[Provided material — start]
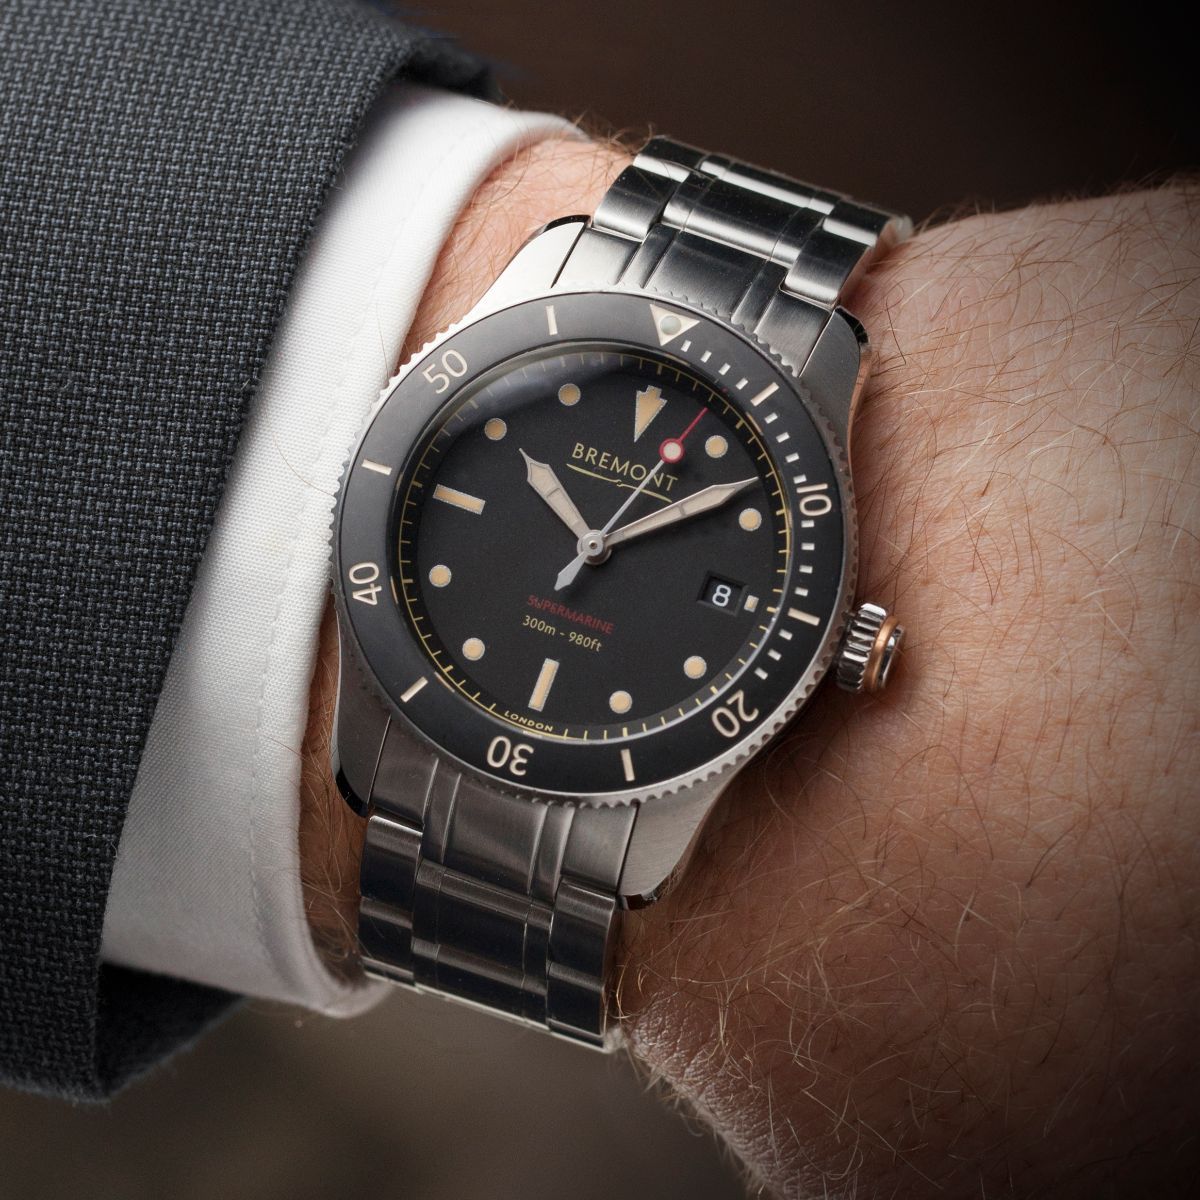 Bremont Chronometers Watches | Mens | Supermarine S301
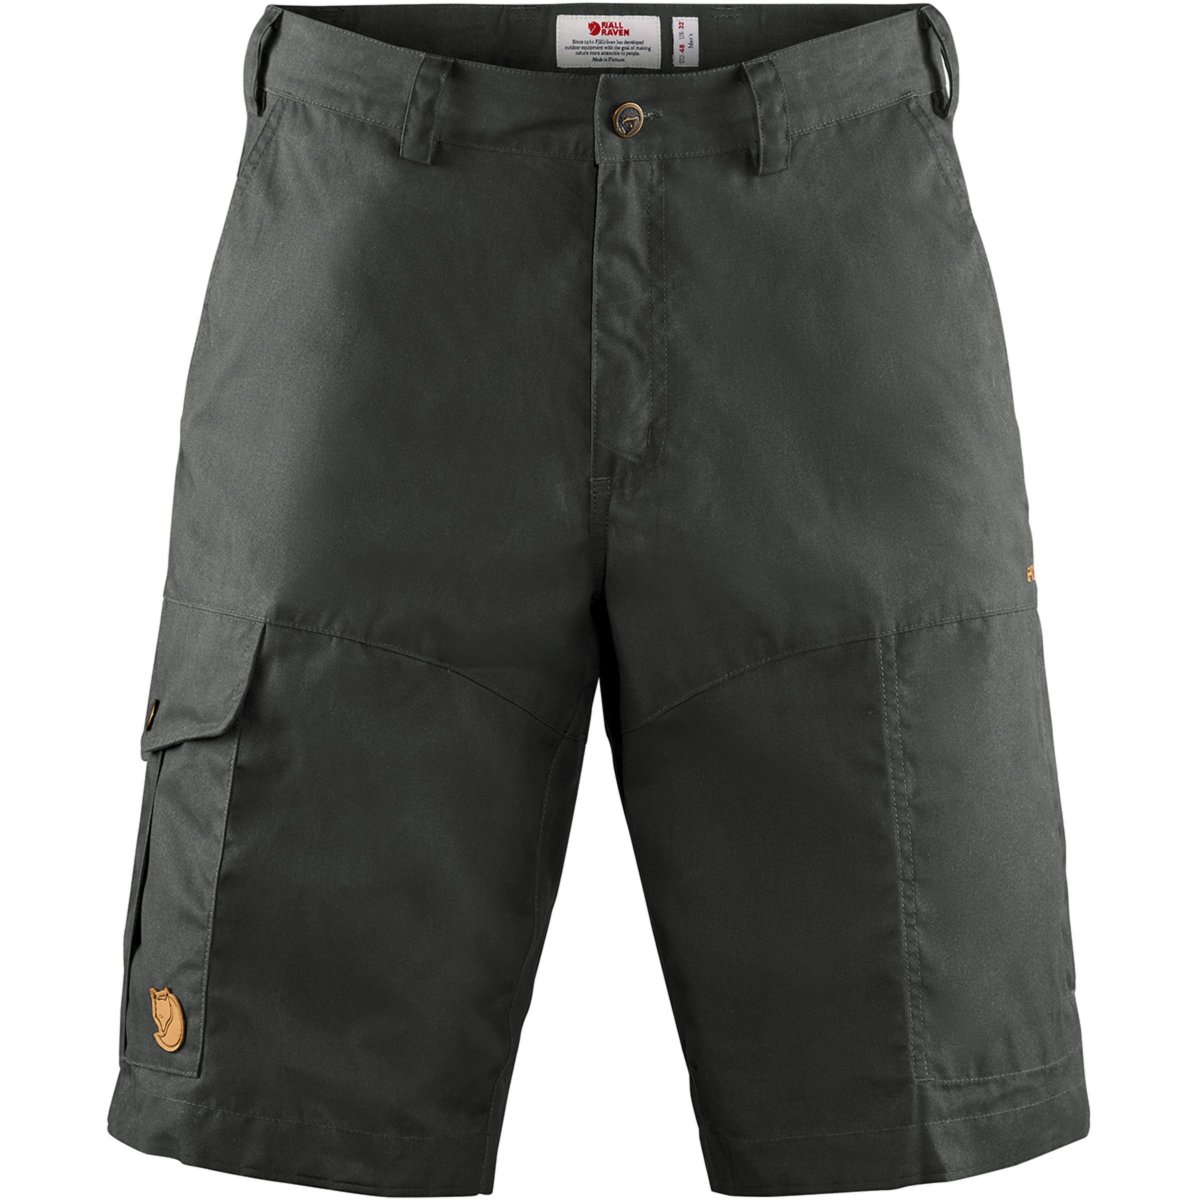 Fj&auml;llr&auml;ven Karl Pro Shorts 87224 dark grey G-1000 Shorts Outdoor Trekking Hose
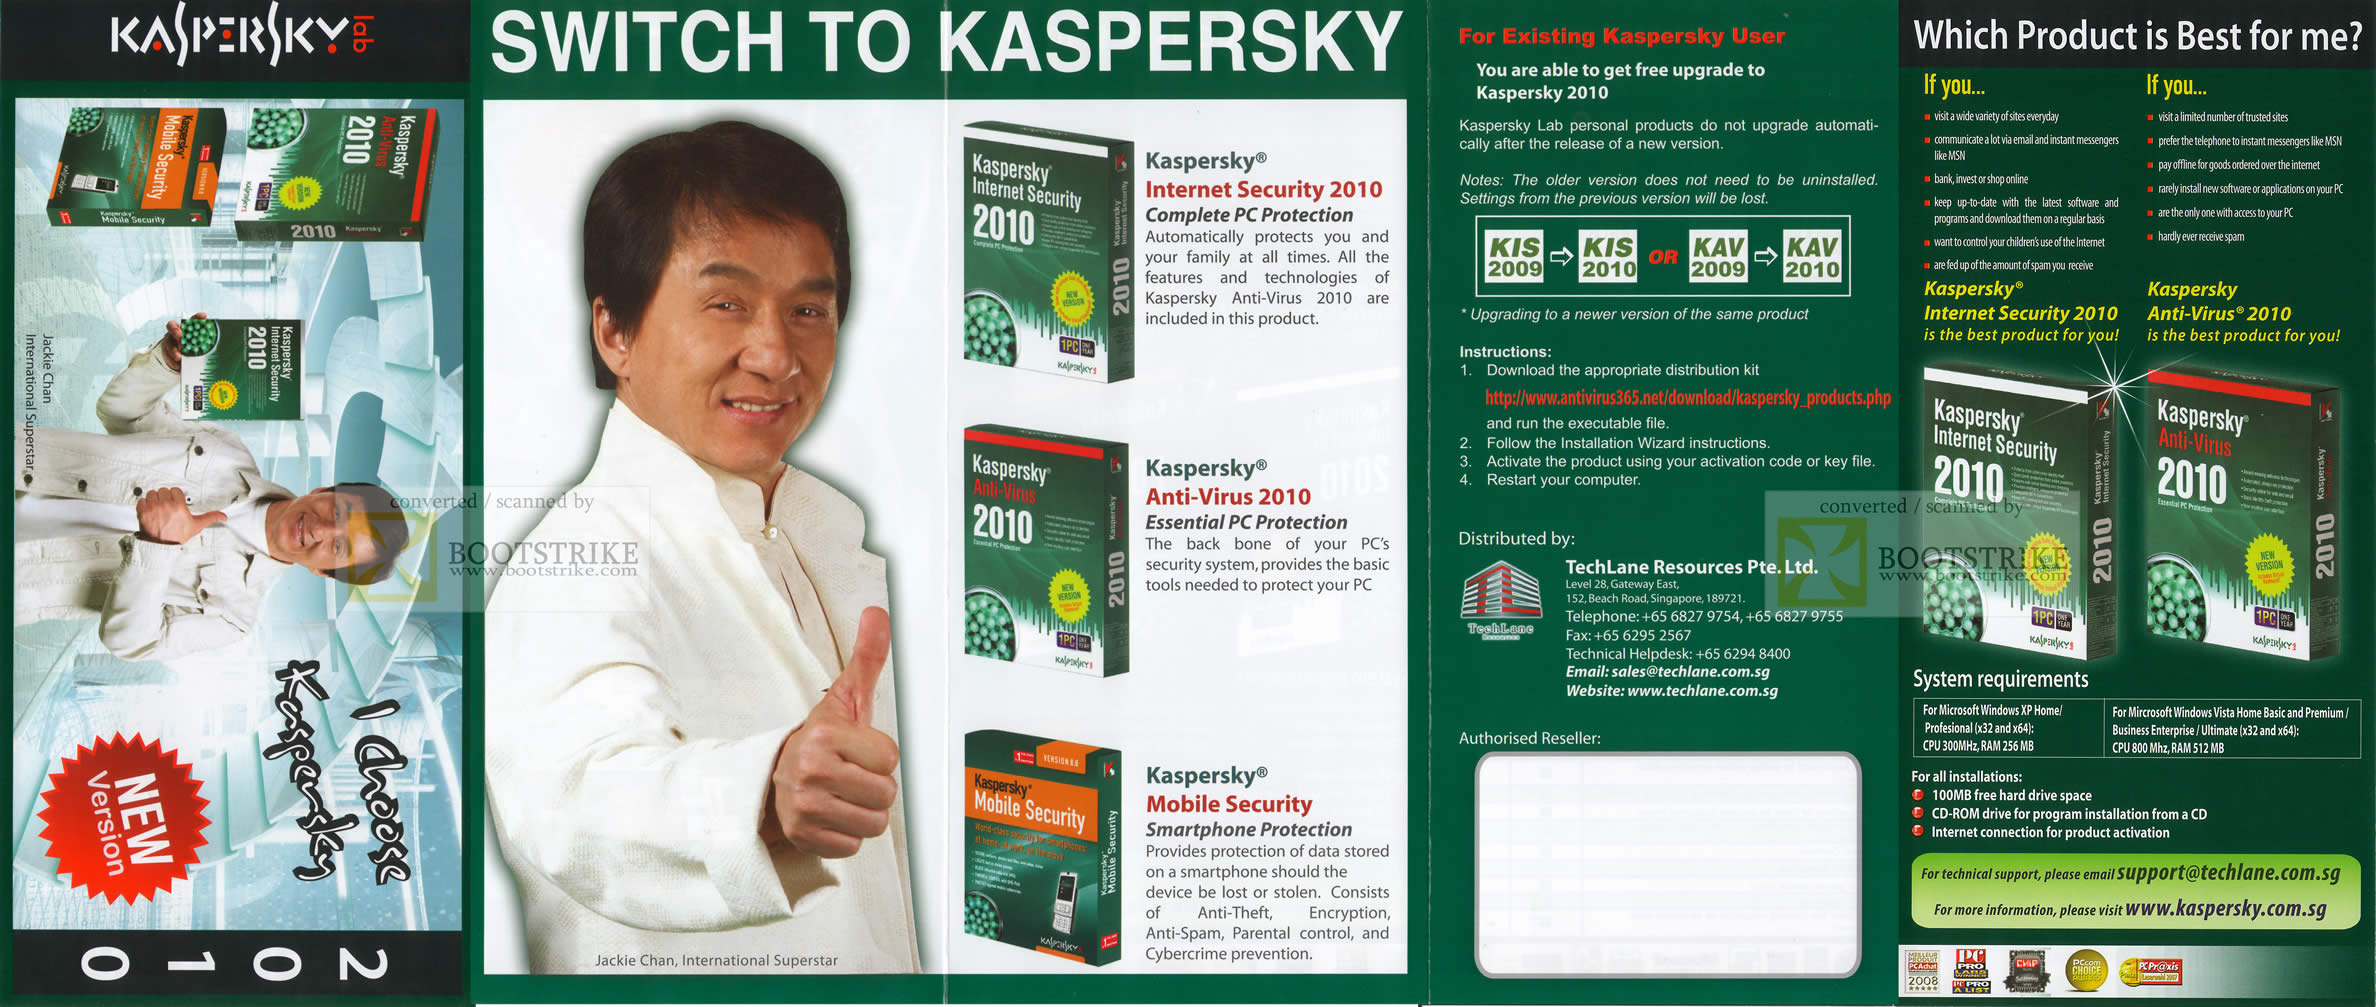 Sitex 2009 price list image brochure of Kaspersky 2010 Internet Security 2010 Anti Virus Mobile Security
[Provided material — finish]
▶ **Brief**
Leave out the pictures. Transcribe the rest of the listing above exactly.

▶ **Result for this exercise**
 Bremont Chronometers Watches | Mens | Supermarine S301
 Fj&auml;llr&auml;ven Karl Pro Shorts 87224 dark grey G-1000 Shorts Outdoor Trekking Hose
 Sitex 2009 price list image brochure of Kaspersky 2010 Internet Security 2010 Anti Virus Mobile Security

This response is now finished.